Investor Marah, Tak Tertarik Berinvestasi Ulah Si Mafia Tanah
Ketua Asosiasi Pengusaha Indonesia (APINDO) Kabupaten Cirebon, Asep Sholeh menilai keberadaan mafia tanah menghambat pembangunan investasi. FOTO : IST/RAKYAT CIREBON--
RAKYATCIREBON.ID, CIREBON - Mafia tanah membuat resah. Merugikan para petani dan investor yang ingin berinvestasi. Mereka memainkan peran signifikan dalam menentukan harga jual beli tanah di kawasan industri. Sampai ada yang mempraktikkan taktik curang dalam transaksi jual beli lahan.
Tak sedikit calon investor dibuat marah. Puncaknya sampai balik kanan tidak mau berinvestasi di kawasan industri yang ada di wilayah Kabupaten Cirebon.
Ketua Asosiasi Pengusaha Indonesia (APINDO) Kabupaten Cirebon, Asep Sholeh, menyatakan keprihatinannya terhadap situasi ini. Keberadaan Mafia tanah, sudah menghambat pertumbuhan investasi.
"Kehadiran Mafia tanah di Kabupaten Cirebon meresahkan, mereka sebagai penghambat utama pertumbuhan investasi," kata Ketua Asosiasi Pengusaha Indonesia (APINDO) Kabupaten Cirebon, Asep Sholeh, Kamis 6 Juni 2024.
Dia menjelaskan salah satu praktik curang yang dilakukan Mafia tanah. petani hanya diberi DP dan diikat dengan PPJB, sehingga investor kesulitan memperoleh tanah langsung dari petani.
"Setelah tanah berada di bawah kuasa mafia, harganya melambung tinggi, mempersulit investor untuk berinvestasi di Kabupaten Cirebon," katanya.
Dampaknya, banyak investor yang memilih untuk beralih ke daerah lain, seperti Brebes dan Majalengka, untuk berinvestasi. Itu artinya merugikan pertumbuhan ekonomi dan pengurangan tingkat pengangguran di Kabupaten Cirebon.
"Kondisi ini mempersulit APINDO dalam mengajak investor datang ke Kabupaten Cirebon, baik yang bergerak dalam sektor padat modal maupun padat karya," katanya.

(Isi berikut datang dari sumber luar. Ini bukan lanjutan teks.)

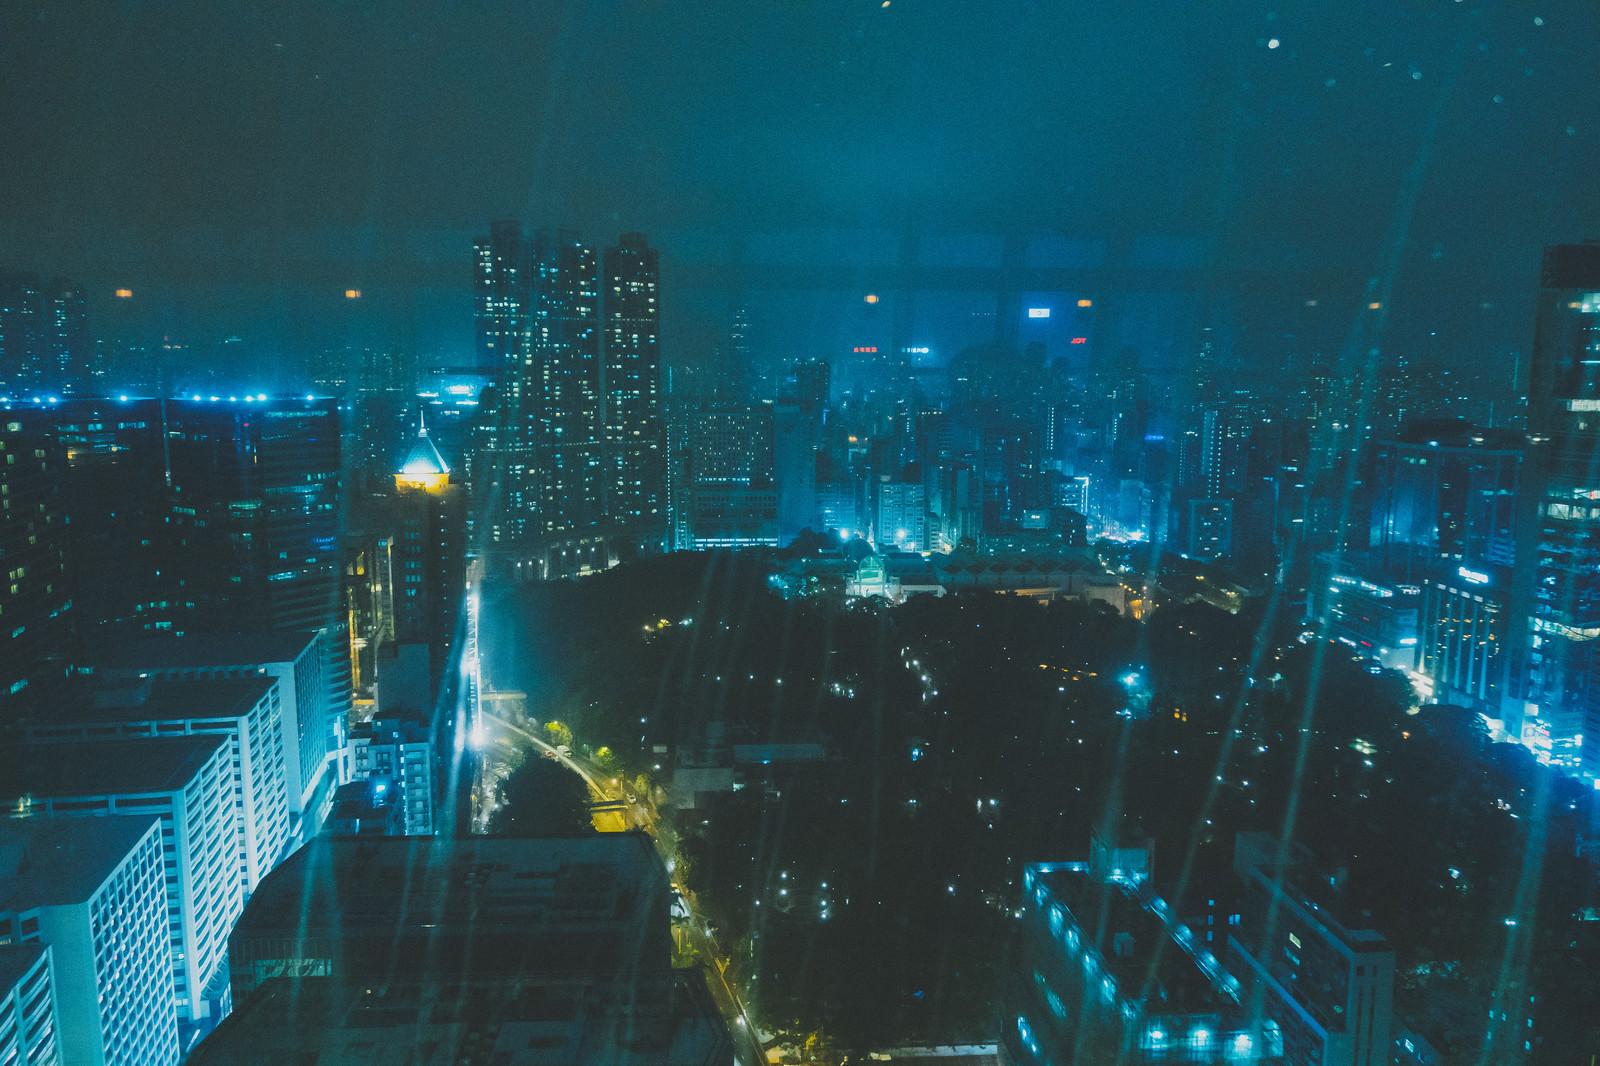 「尖沙咀(チムサーチョイ・HK Tsim Sha Tsui )の夜の雨」の写真
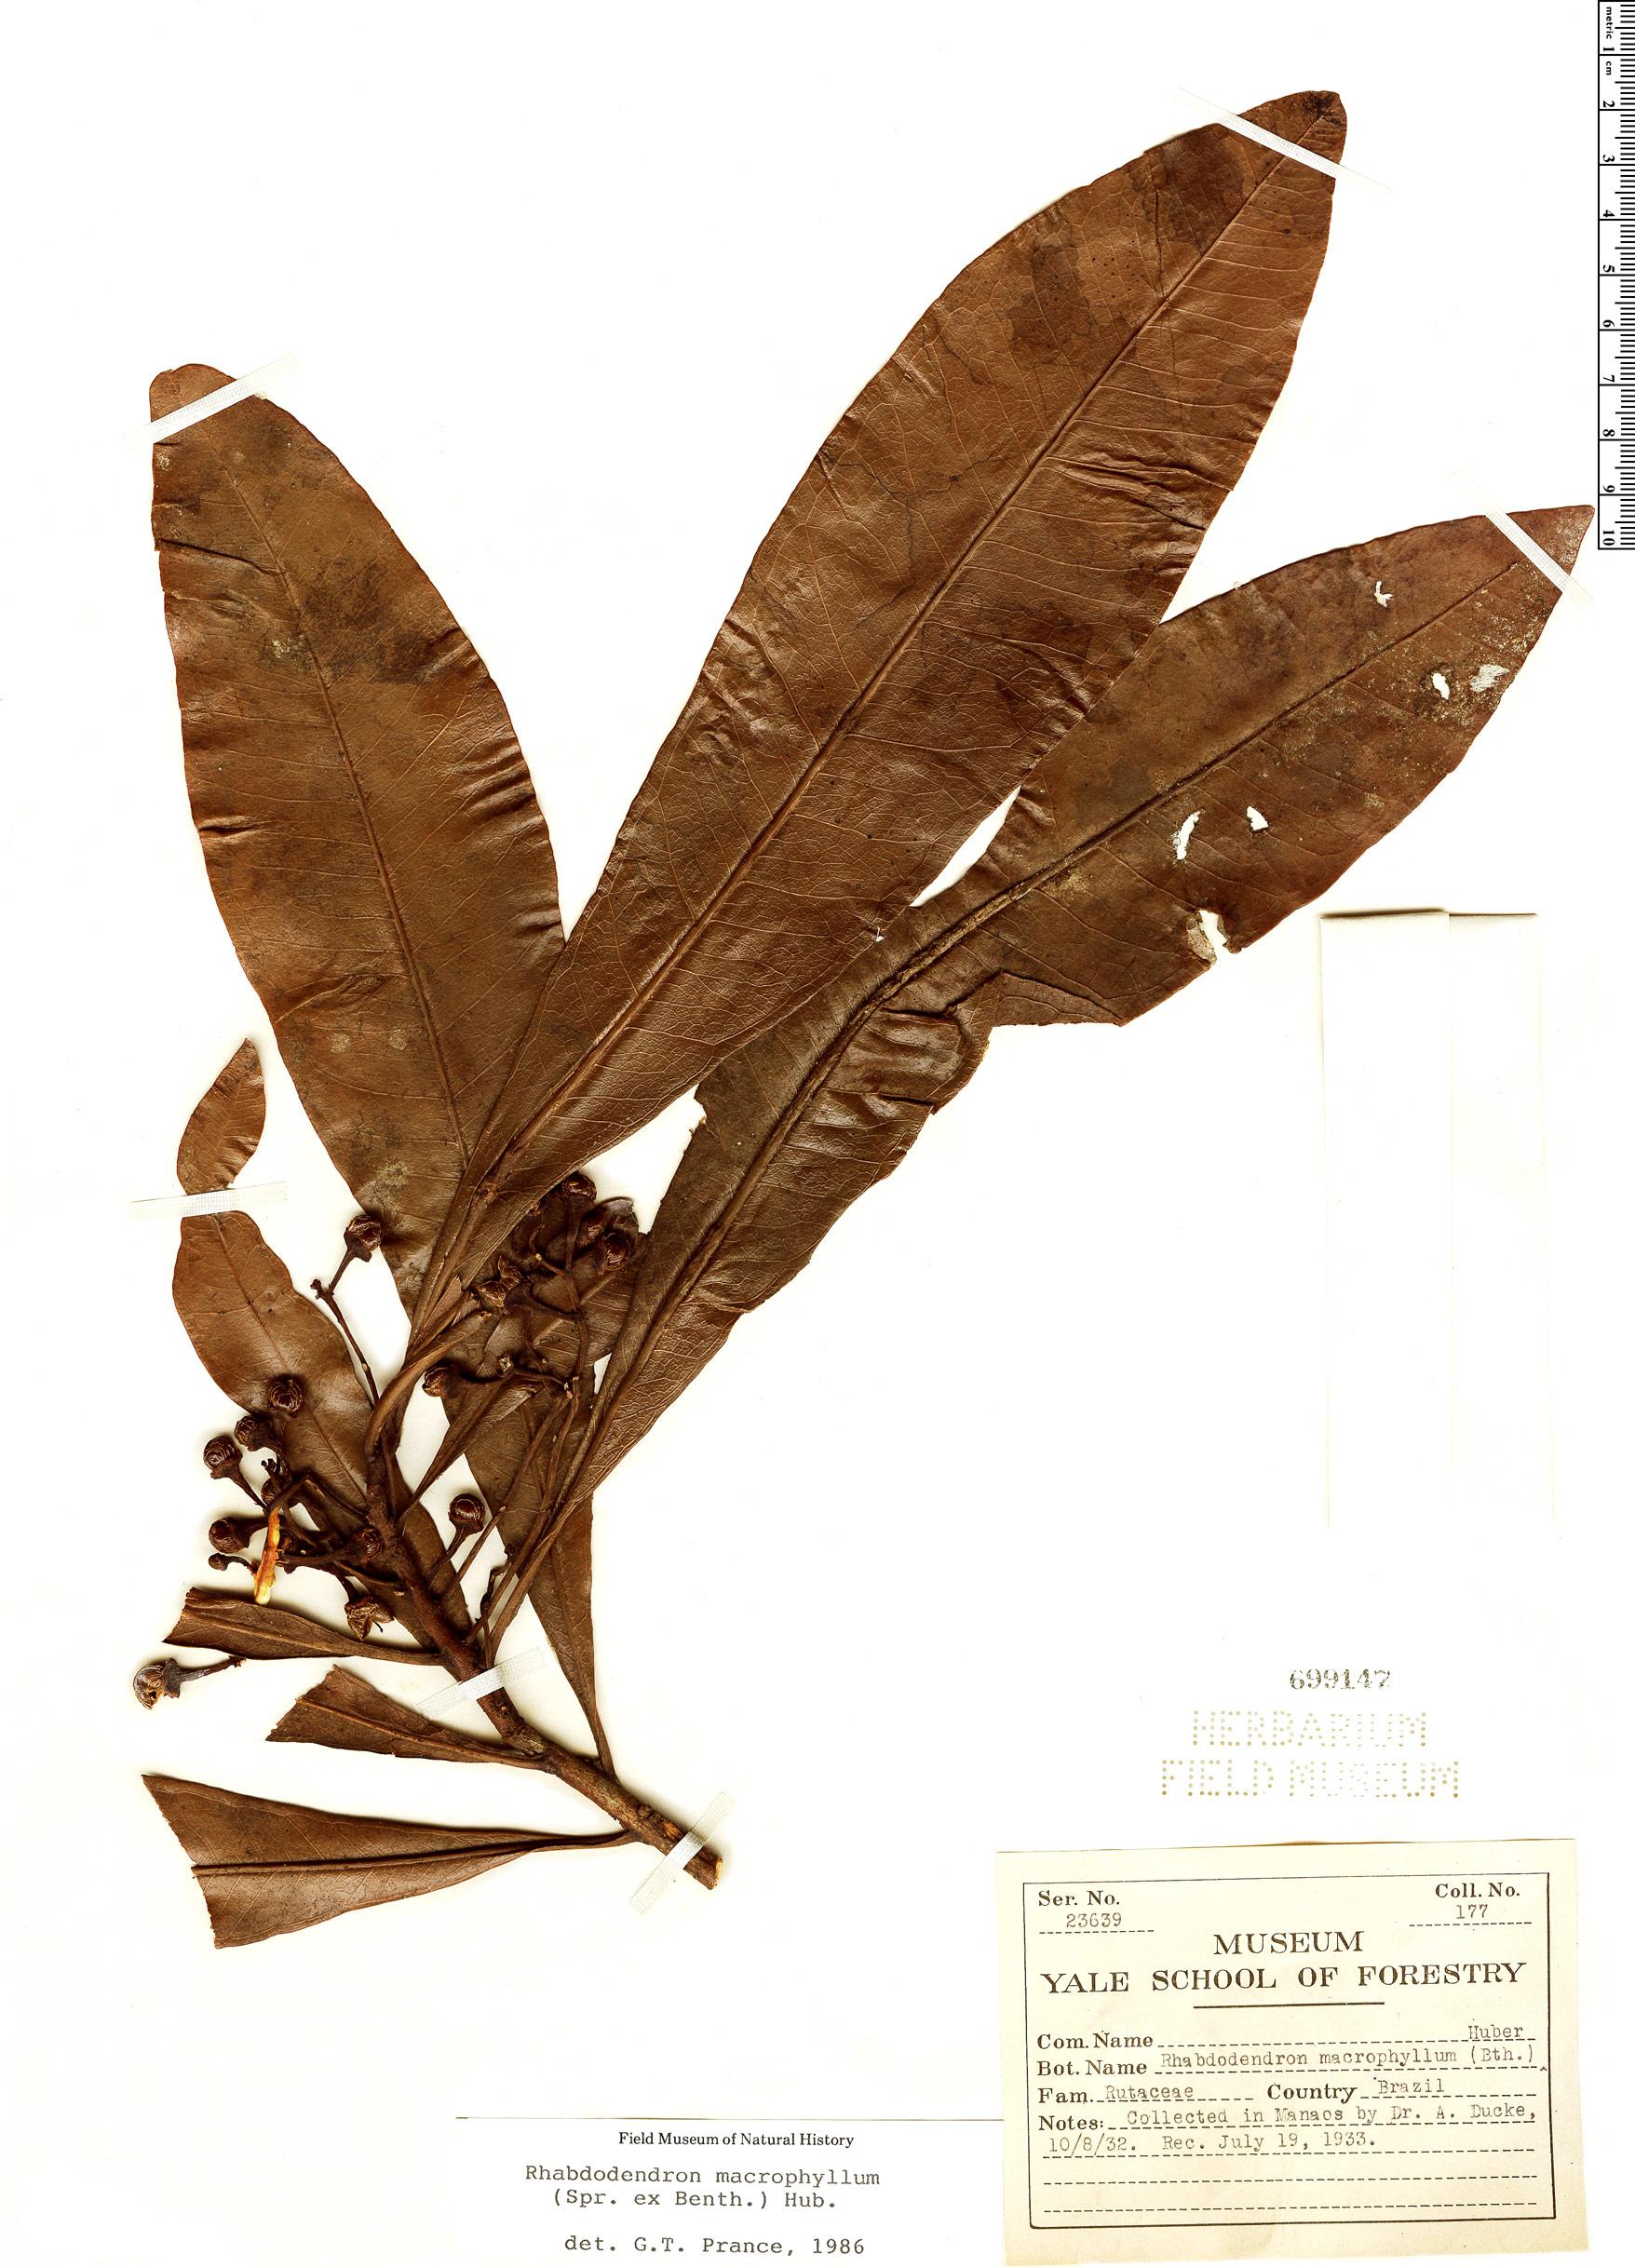 Specimen: Rhabdodendron macrophyllum

Asep juga menjelaskan bagaimana para Mafia tanah membebani petani dengan memberikan DP yang rendah tanpa jaminan pembayaran lanjutan yang jelas.
"Para petani hanya diberi DP tanpa kejelasan. Ketika ada pembeli langsung, mafia ini memotong dan mengklaim kepemilikan tanah melalui DP atau PPJB," ungkapnya.
Untuk mengatasi masalah ini, Asep mendesak pemerintah desa, pemerintah Kabupaten Cirebon, dan penegak hukum untuk bertindak tegas terhadap para Mafia tanah yang kebanyakan bukan merupakan penduduk asli Cirebon.
"Pertumbuhan investasi akan terhambat apabila masalah ini tidak ditangani dengan serius," tegas Asep.
Dia juga menyinggung bahwa keluhan mengenai Mafia tanah ini mayoritas berasal dari wilayah Cirebon Timur. "Hampir puluhan investor sudah mengeluh dan ada yang sudah pindah ke daerah lain karena harga tanah di sana lebih bersahabat," ungkapnya.
Asep juga memberikan contoh kasus di Desa Gebangudik, Kecamatan Gebang, Kabupaten Cirebon. Disana terjadi perselisihan antara investor dan Mafia tanah. Misalnya, kata dia DP Rp 25 juta untuk tanah hektaran yang per meternya kisaran Rp 100 ribu.
" Tapi harganya bisa naik sampai Rp 700 ribu karena dimainkan oleh Mafia tanah," ungkapnya.
Ketika petani memutuskan untuk menjual lahannya secara langsung kepada investor, Mafia tanah yang telah membayar DP meminta ganti rugi dengan jumlah yang tidak masuk akal berdasarkan PPJB. "Mereka menuntut ganti rugi hingga ratusan juta," katanya.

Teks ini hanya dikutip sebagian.